Scientists at the Houston Methodist Research Institute have figured out how to pick up and transfer single cells using a pipette—a common laboratory tool that’s been tweaked slightly. They describe this engineering feat and preliminary test results in a recent issue of the Journal of the American Chemical Society.
Lidong Qin, PhD
“Studying single cells and their unique functions has become a frontier in current biomedical research,” says nanomedicine department faculty member Lidong Qin, PhD, the project’s principal investigator. “One of the biggest challenges for single-cell research is picking out only one cell from a collection of millions of cells.
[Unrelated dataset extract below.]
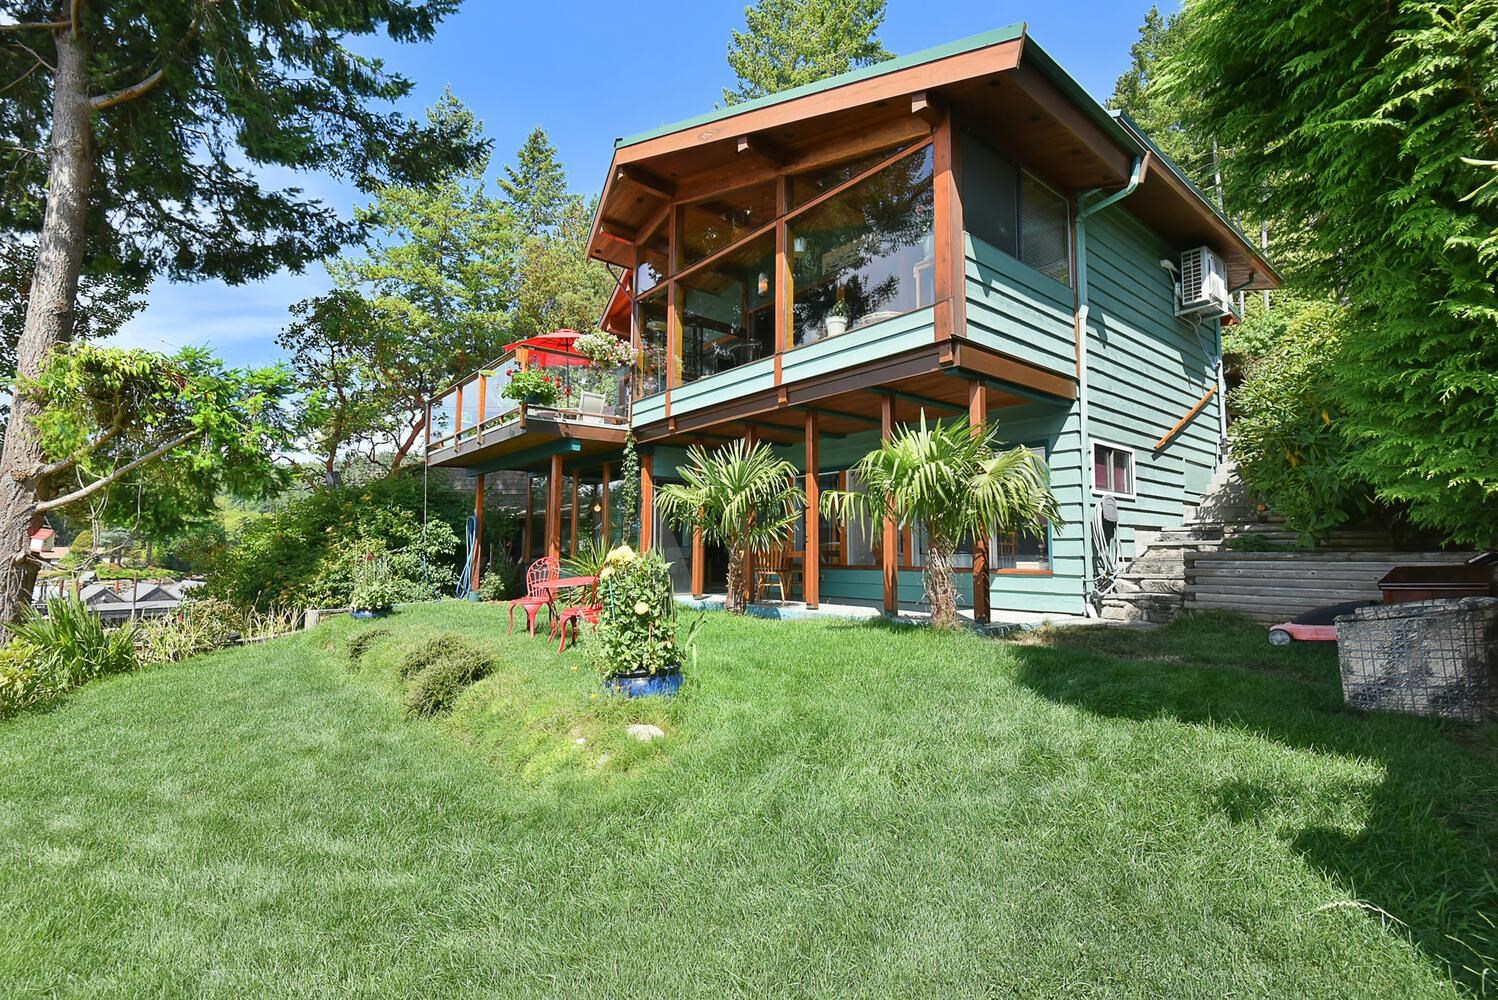 Pender Harbour Egmont House with Acreage for sale:  4 bedroom 2,387 sq.ft. (Listed 2106-02-06)

Cells are not only small, but also flexible in mechanics and variable in size.” It is “extremely difficult,” says Qin, for researchers and clinicians to capture single ones.
Typical pipettes are fancy syringes used in laboratories to withdraw and deposit liquids, such as pure water, or to transfer suspensions of bacterial cells into growth broth. Some pipettes can translate coarse movements of the user’s thumb into fine, exact, push-pull actions; other pipettes can be hard-programmed to manipulate exact volumes of liquid down to mere nanoliters, or billionths of a liter.
Dispensing single cells into commercial 96-well plates by hand-held single-cell pipet (hSCP). The insert demonstrates the process of single-cell capture and release.
Few technologies exist that allow researchers to withdraw single animal or bacterial cells from a tube or Petri dish, and those that do exist are cumbersome, expensive, and can be extremely time consuming to use, Qin says. That’s why he and his group developed the handheld single-cell pipette, or hSCP.
“Some old and clumsy methods are used to capture single cells,” he explains. “Some researchers use their mouths at one end of the pipette, driven by their own mouth force, to try to ensure only a minimum amount of cell suspension collected. The sample is then checked with a microscope to find out the number of cells captured. The opportunity to get only one cell is hit-or-miss, and a bit troublesome.
“One company provides a million-dollar machine that can help biologists transfer single cells to 96-well plates. Each run costs an additional $1,000 to purchase the plate. Such technology will not be widely accessible to biologists,” Qin adds.
The prototype of Qin’s hSCP has two plungers (see figure). The first plunger withdraws fluid from a suspension of cells. Fluid travels through canals on either side of a nanoscopic, laser-sculpted “hook” that is just big enough to trap one cell. This hook can be altered depending on the size and type of cells a researcher is interested in. The first plunger is also used to wash and separate the captured cell from other cells that may have been extracted. The second plunger pushes the captured cell out of the pipette, possibly into growth medium, or onto a slide or welled plate for study.
Single cell plated via hSCP.
Qin says one of his goals is to make the technology cost $10 or less per run. Future designs of the hSCP will be developed with mass production in mind. Qin says his group can also produce hSCPs that pick up virtually any small number of cells, depending on a scientist’s needs, by etching more hooks during the pipette’s construction.
Also contributing to the JACS paper were lead author Kai Zhang, PhD, whom Qin credits with helping to translate the initial design into a working device; and Zhiqiang Wang, PhD, a professor of chemistry at Tsinghua University, Beijing, whom Qin credits with helping the Houston Methodist group appreciate the significant diversity of single cells of the same type and the commercial value of single-cell pipette technology.
The group’s work was funded by the National Institutes of Health, the Cancer Prevention Research Institute of Texas, and the Golfers against Cancer Foundation.
Reference
Zhang K, Han X, Li Y, et al. Handheld and integrated single-cell pipettes. J Am Chem Soc. 2014;136(31):10858–10861; doi: 10.1021/ja5053279.